Saturday, August 29, 2009

The Beginning

I never saw myself as a widow—I suppose no one does—but that's how the world sees me now. I guess I have no choice but to accept it as my new identity. I don't have to let it define me, though, and that's what I'm working on now.

How does a widow act? What is she supposed to do? I guess the obvious answer is: "Be yourself. Just be yourself." That should be the easy part, but it's difficult to be yourself when your heart is broken. The man I've loved since I was 20 years old died on June 24, 2009, one day after our 47th wedding anniversary. It's been two months now and I still find it hard to believe he's gone. He was one of the truly "good guys," and it's just not fair.

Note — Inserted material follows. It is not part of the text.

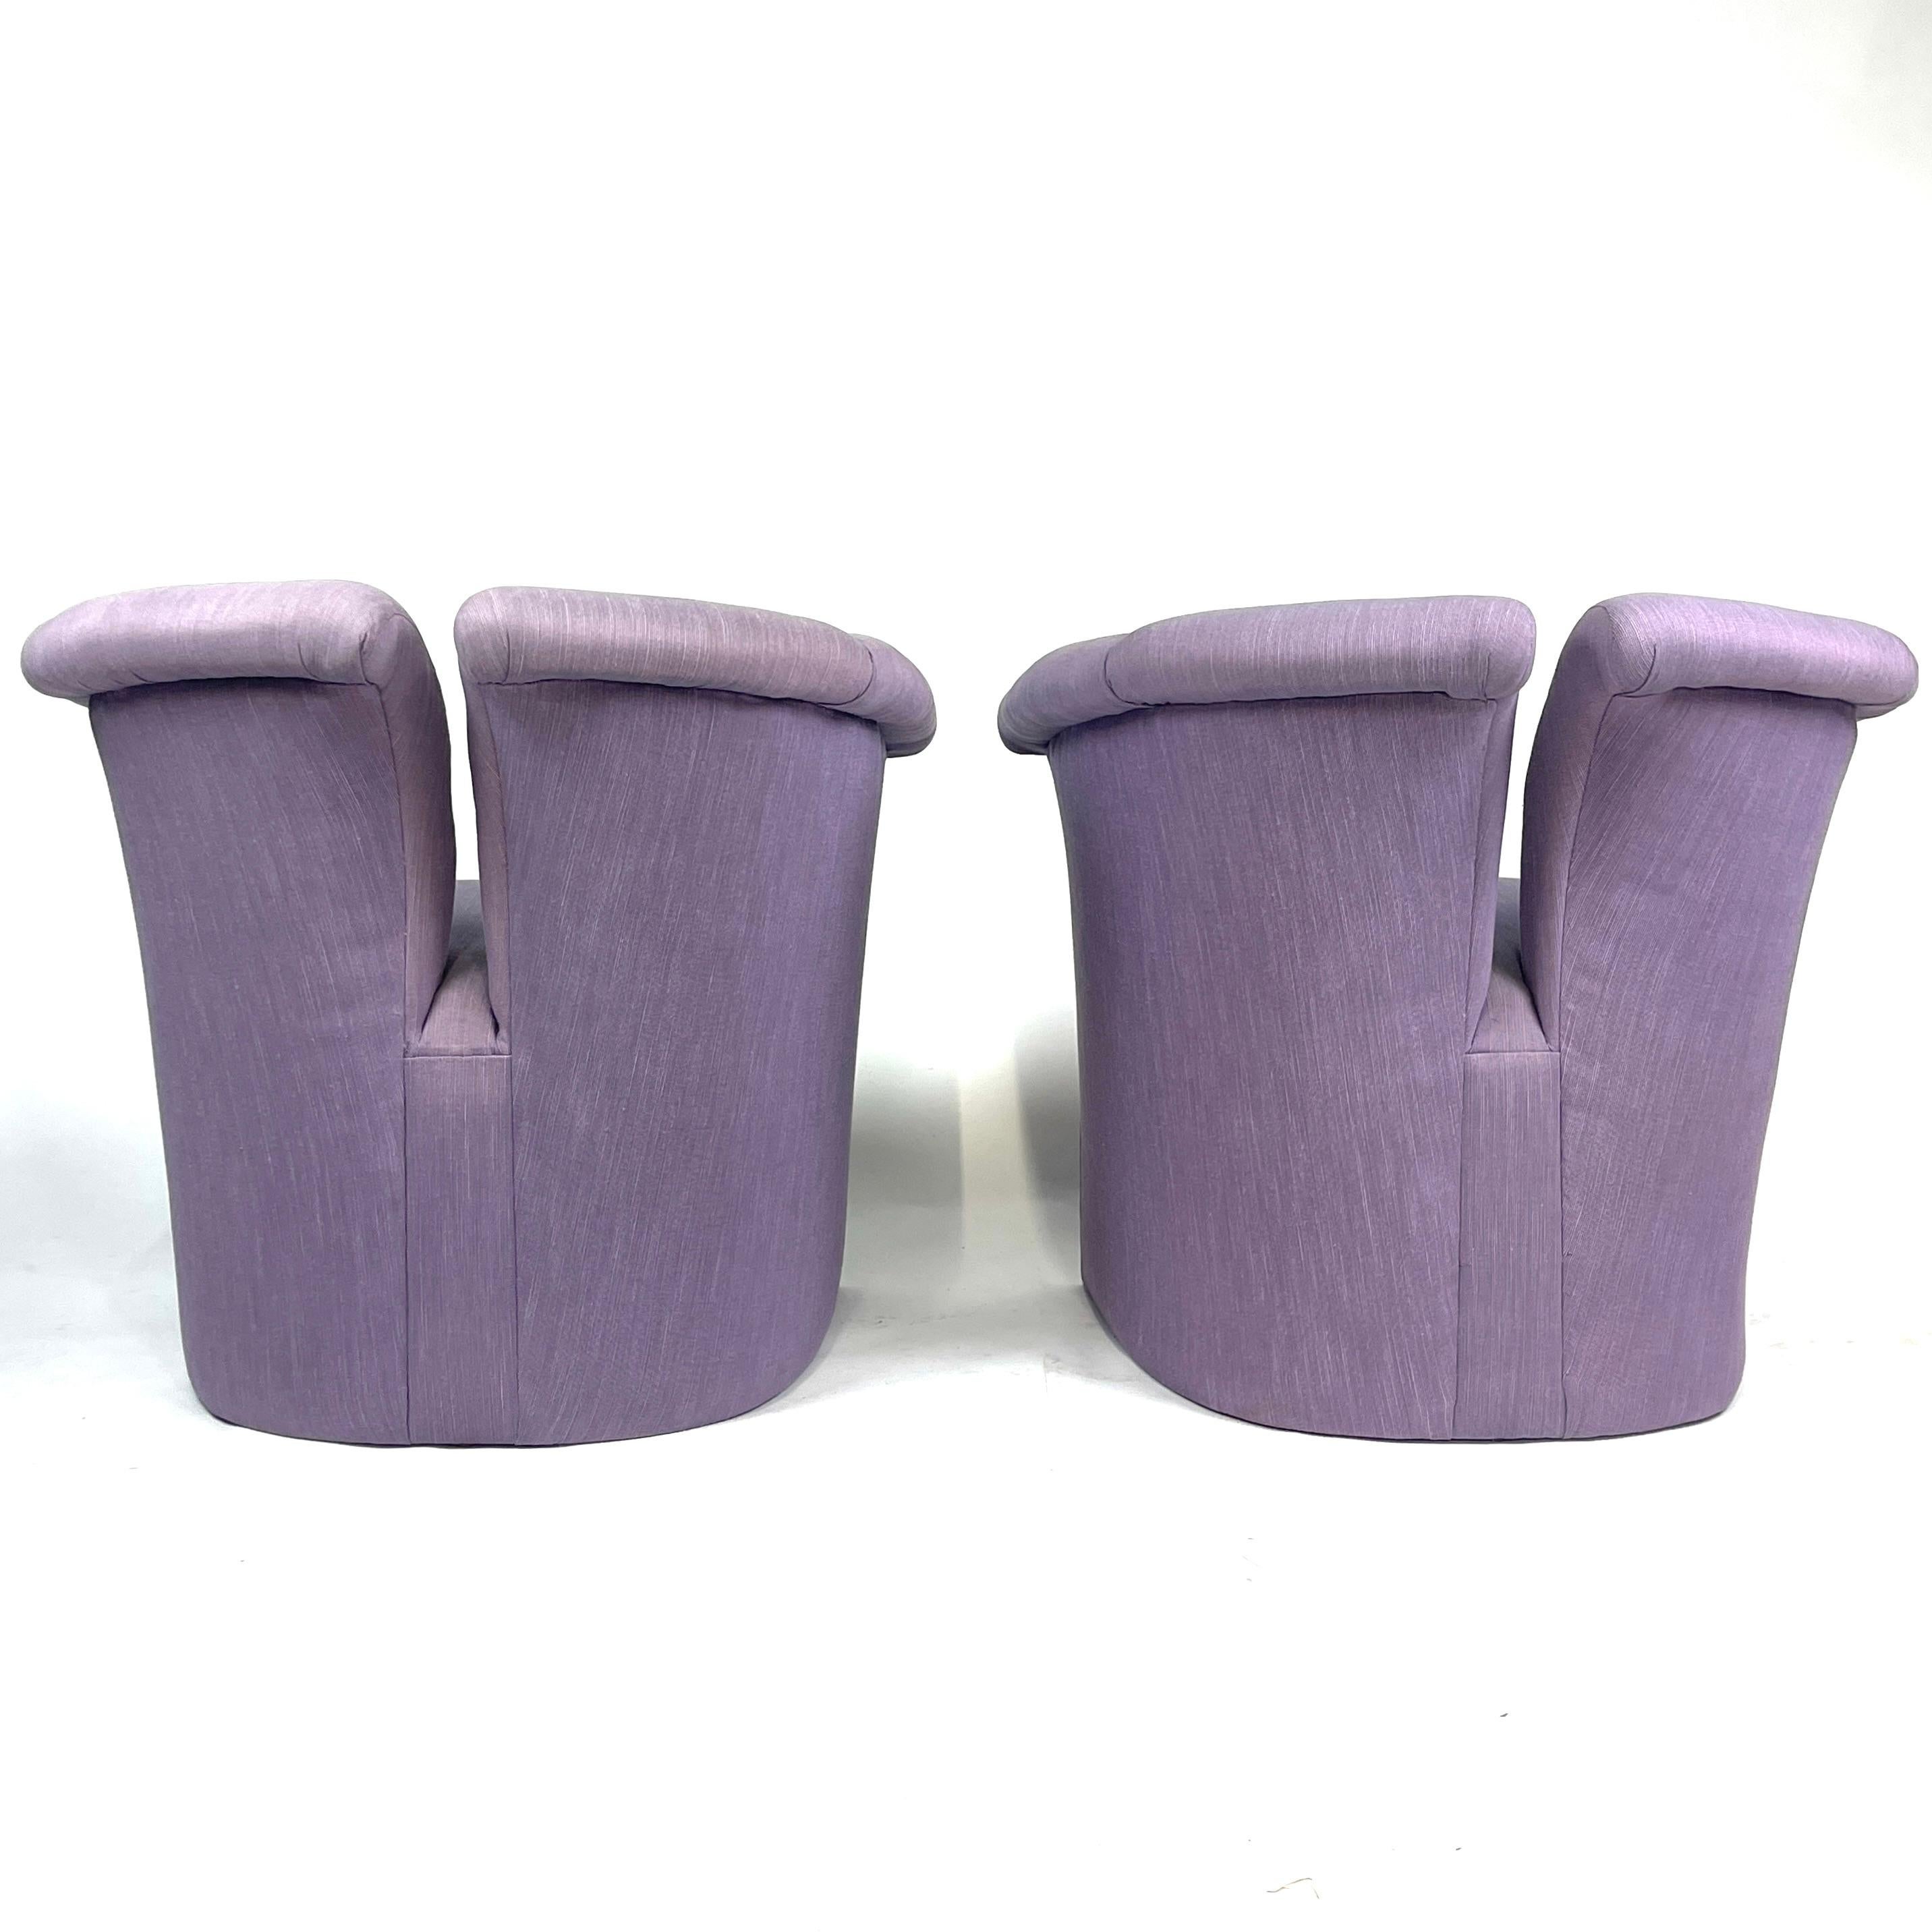 Stunning Pair of Split Back Postmodern Barrel Chairs in Excellent Upholstery For Sale 4

For several weeks after Art died, I woke up every morning with a knot in my stomach, and my first thoughts were:: "I can't do this. I don't want to do this." I desperately wanted my old life back. I still do, but I think I'm finally beginning to accept the fact that my life has been irrevocably changed. As difficult as it is to face, I have to build a new life without Art. I still wake up with a knot in my stomach most mornings, but I'm starting to believe that maybe I can do this.

The good part is I don't have to do it alone. Although I am now physically alone in this retirement home Art and I shared for the last nine years, I'm not really alone. I have four wonderful, loving children who call me every day, a very caring extended family, and a whole community of supportive friends and neighbors who are determined not to let me be lonely.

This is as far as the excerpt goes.